>>>

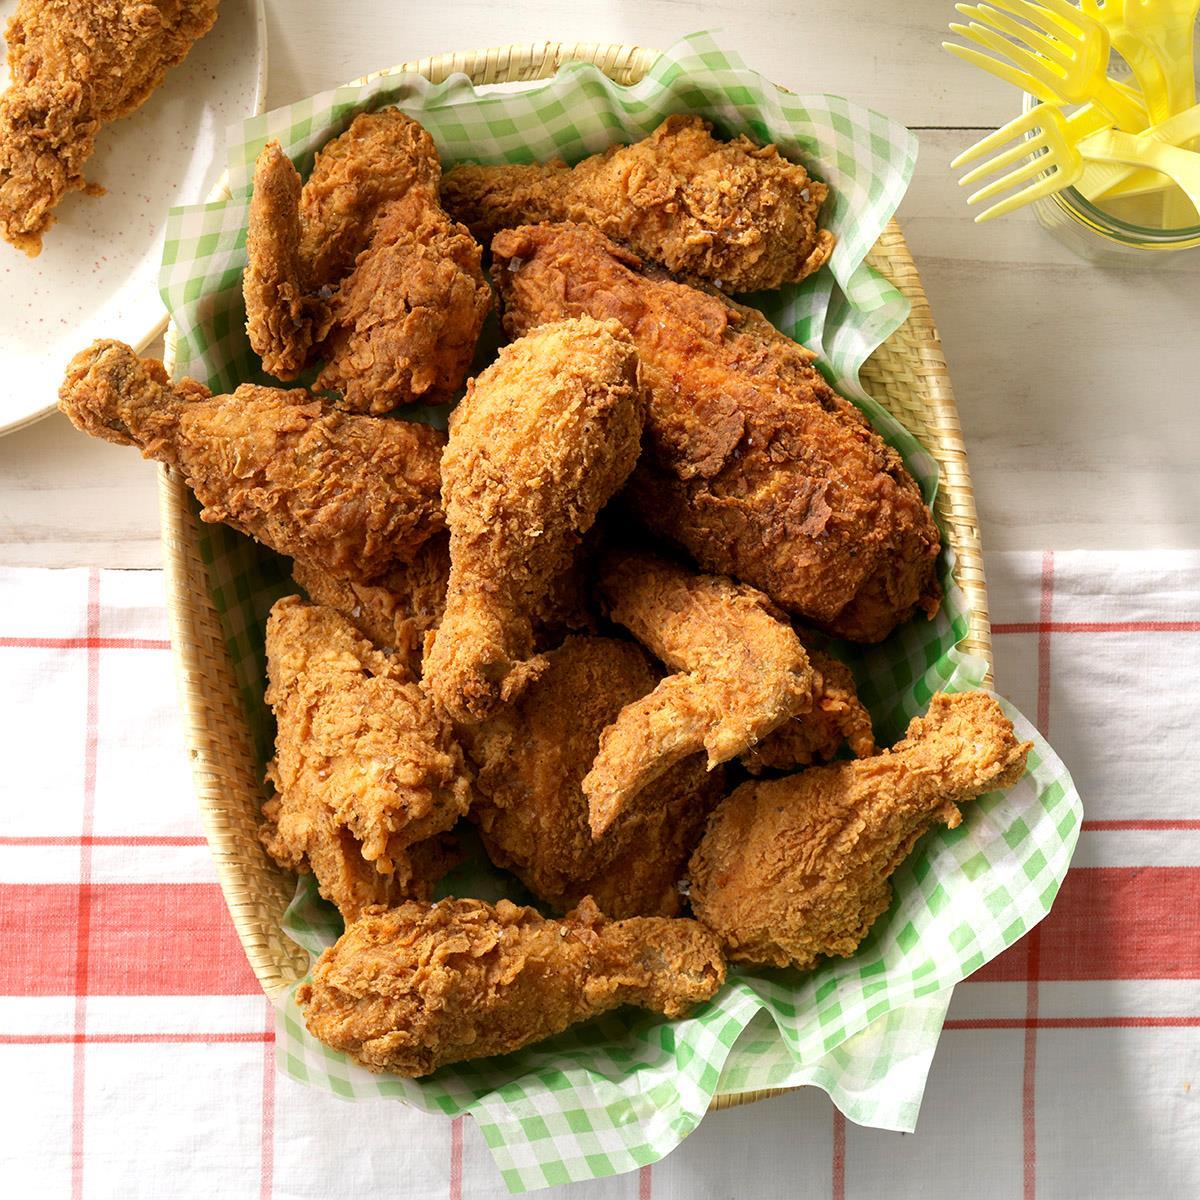 Best Fried Chicken Restaurants In Atlanta (With Takeout And 
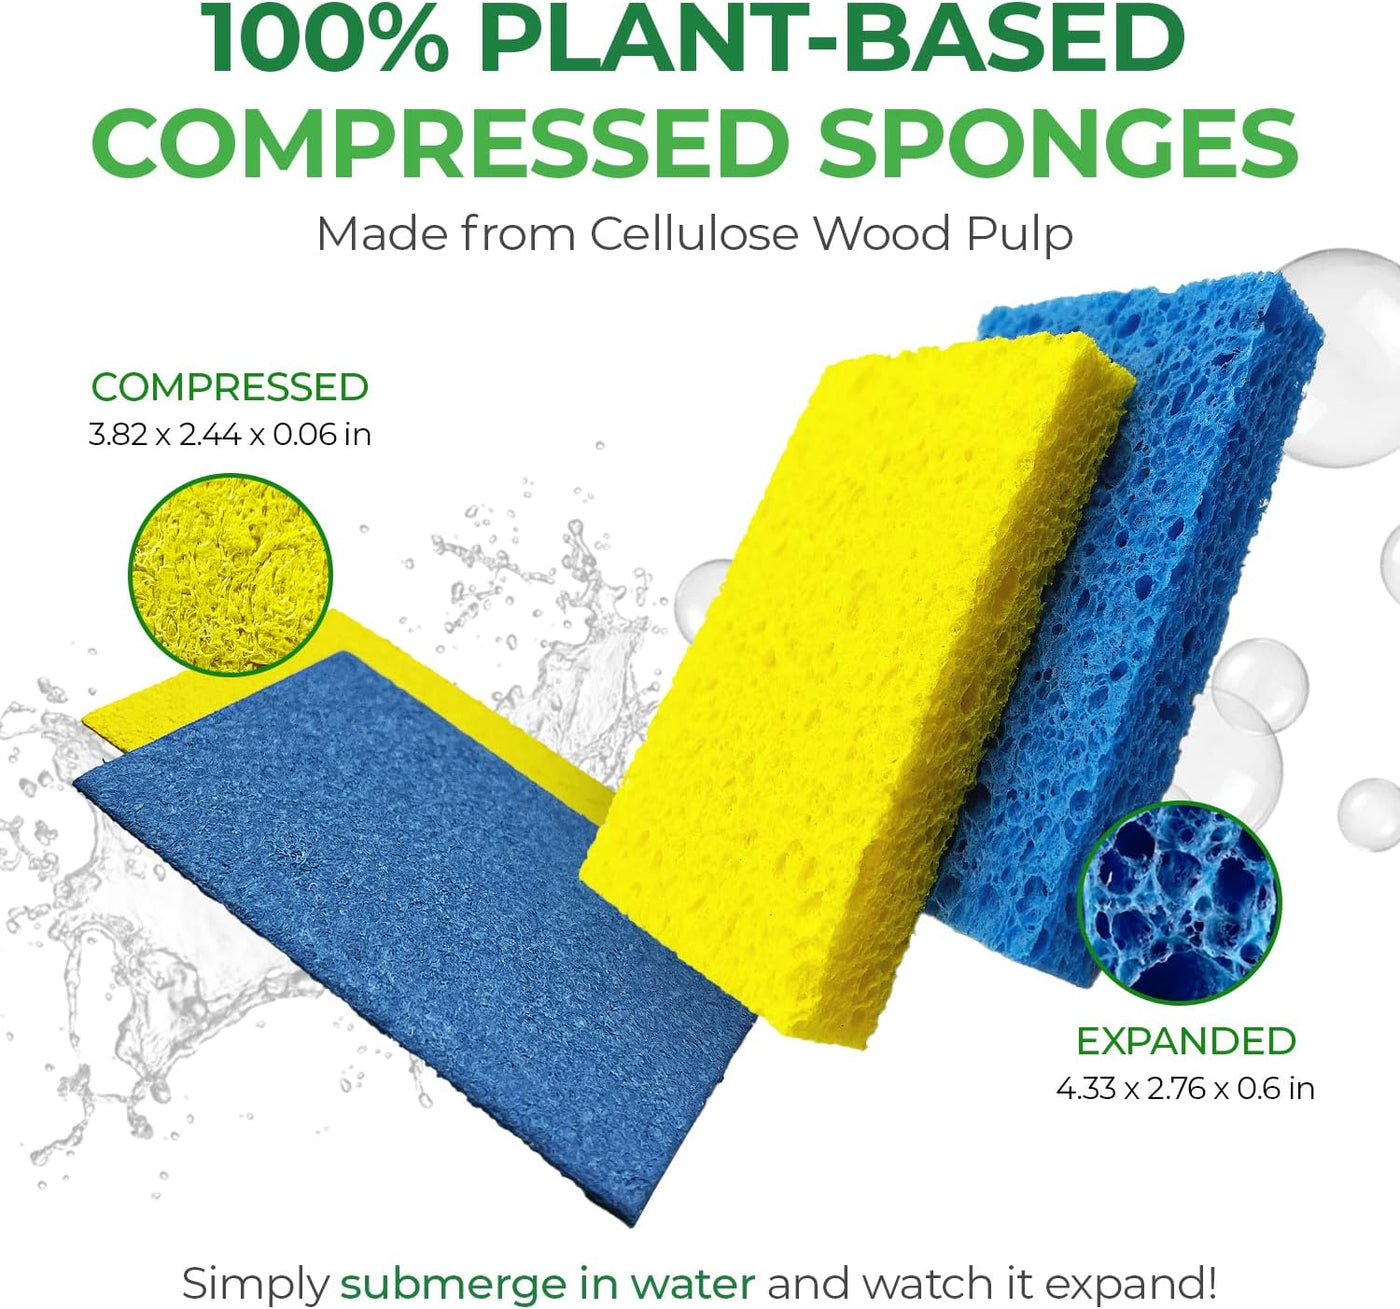 AIRNEX Biodegradable Cellulose Compressed Sponges - Kitchen Sponges for Cleaning - Heavy Duty and Natural Multipurpose Household Cleaning Sponges Good for Kitchen, Bathroom, and Surfaces
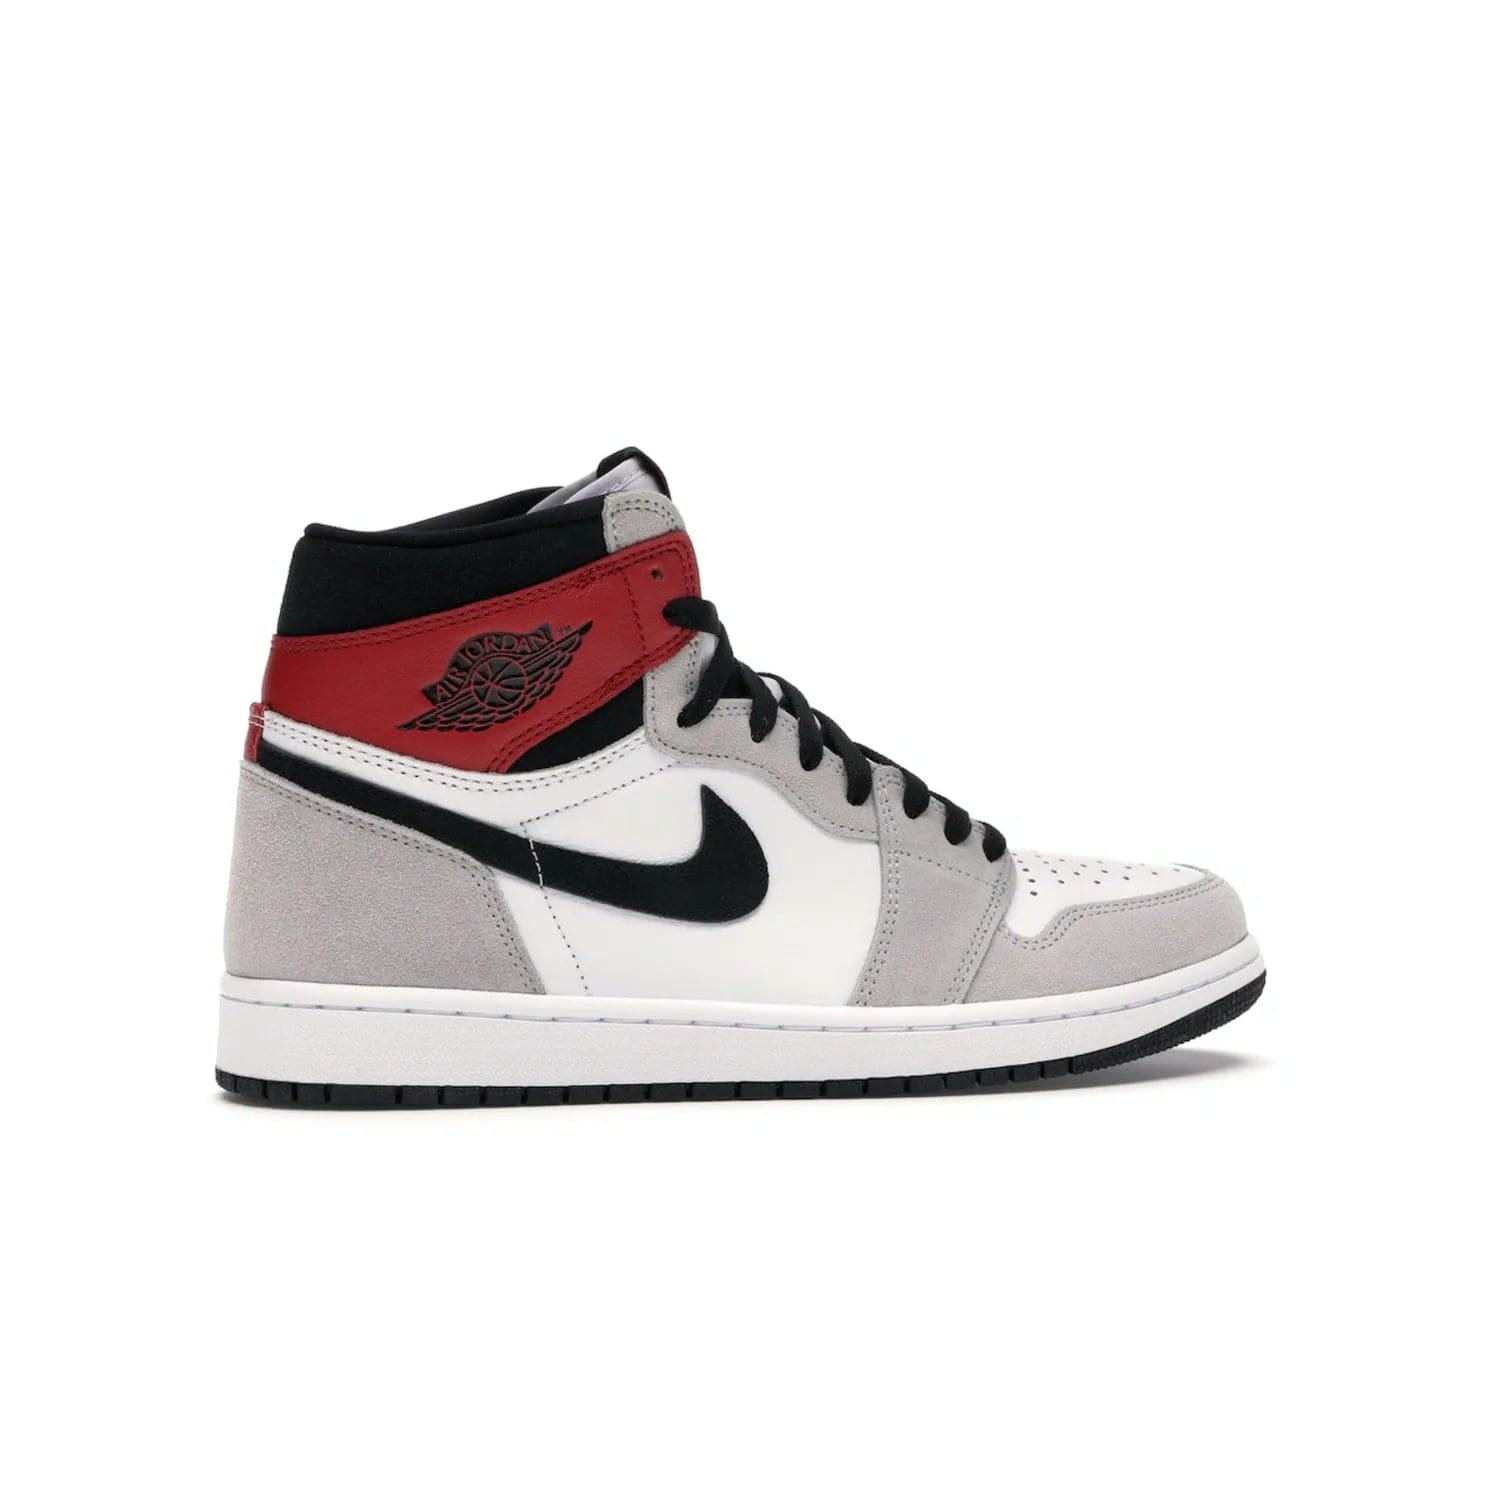 Jordan 1 Retro High Light Smoke Grey - Image 35 - Only at www.BallersClubKickz.com - Comfortable and stylish, Jordan 1 Retro High Light Smoke Grey offers a unique spin on a classic design. White leather, grey suede, red leather and black details are set on a white midsole and black outsole. Get the sneaker released in July 2020 and add a twist to your wardrobe.
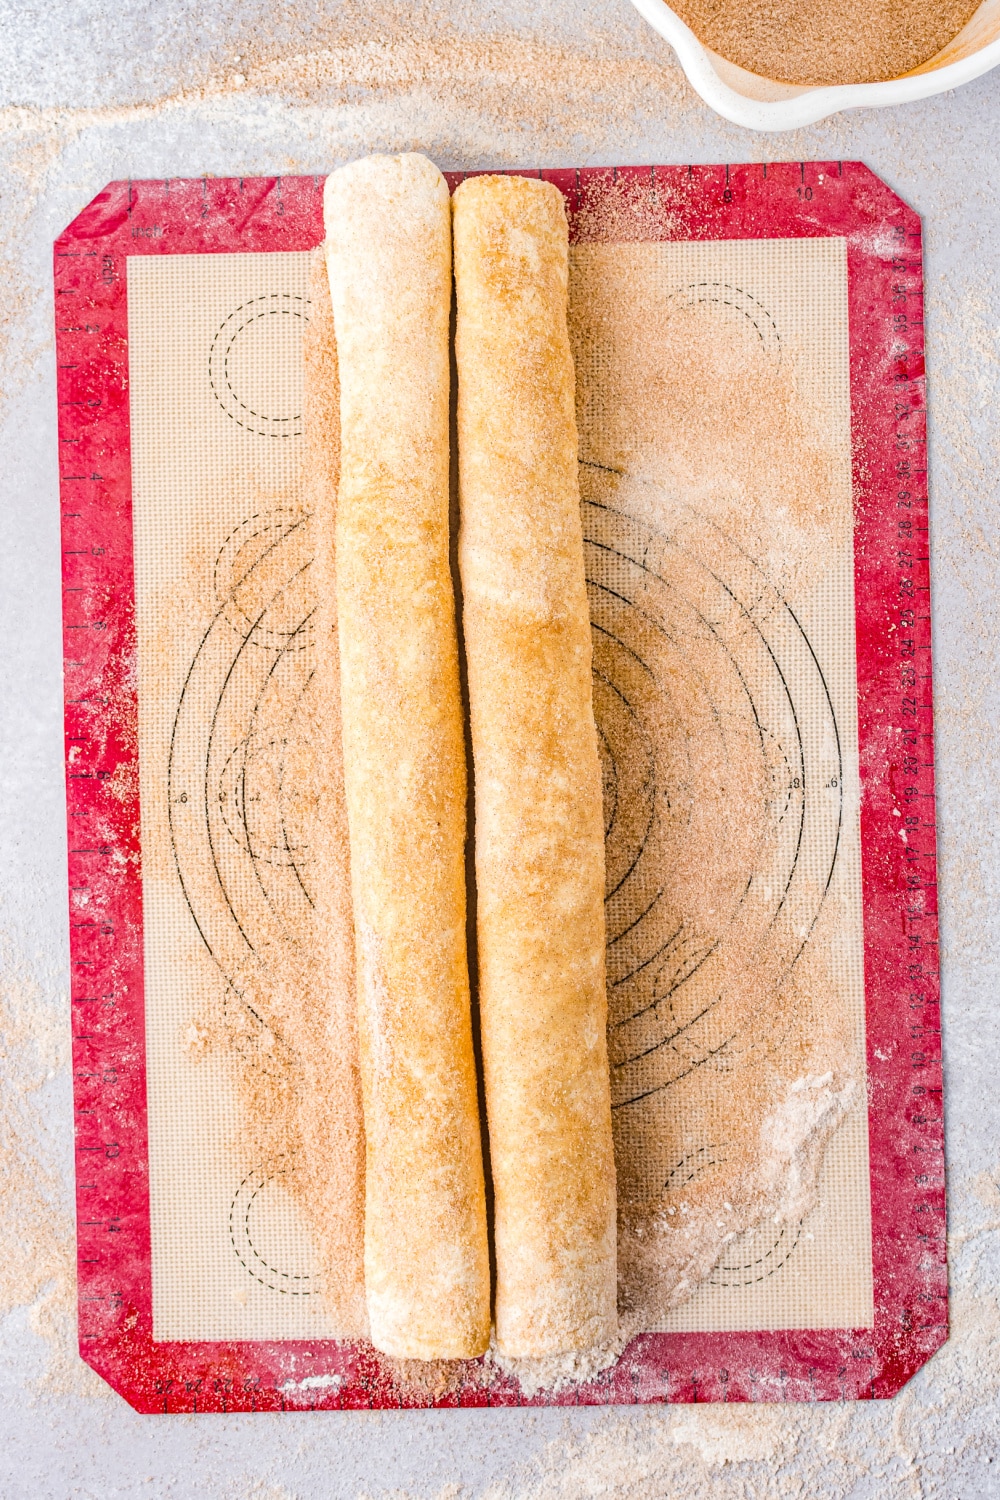 Puff pastry rolled on each side toward the middle to form the shape of the cookies.

<<<

**YOUR ASSIGNMENT:** Copy out the material word for word, without any images.

**RESPONSE BELOW:**
 Best Fried Chicken Restaurants In Atlanta (With Takeout And 
 AIRNEX Biodegradable Cellulose Compressed Sponges - Kitchen Sponges for Cleaning - Heavy Duty and Natural Multipurpose Household Cleaning Sponges Good for Kitchen, Bathroom, and Surfaces
 Jordan 1 Retro High Light Smoke Grey - Image 35 - Only at www.BallersClubKickz.com - Comfortable and stylish, Jordan 1 Retro High Light Smoke Grey offers a unique spin on a classic design. White leather, grey suede, red leather and black details are set on a white midsole and black outsole. Get the sneaker released in July 2020 and add a twist to your wardrobe.
 Puff pastry rolled on each side toward the middle to form the shape of the cookies.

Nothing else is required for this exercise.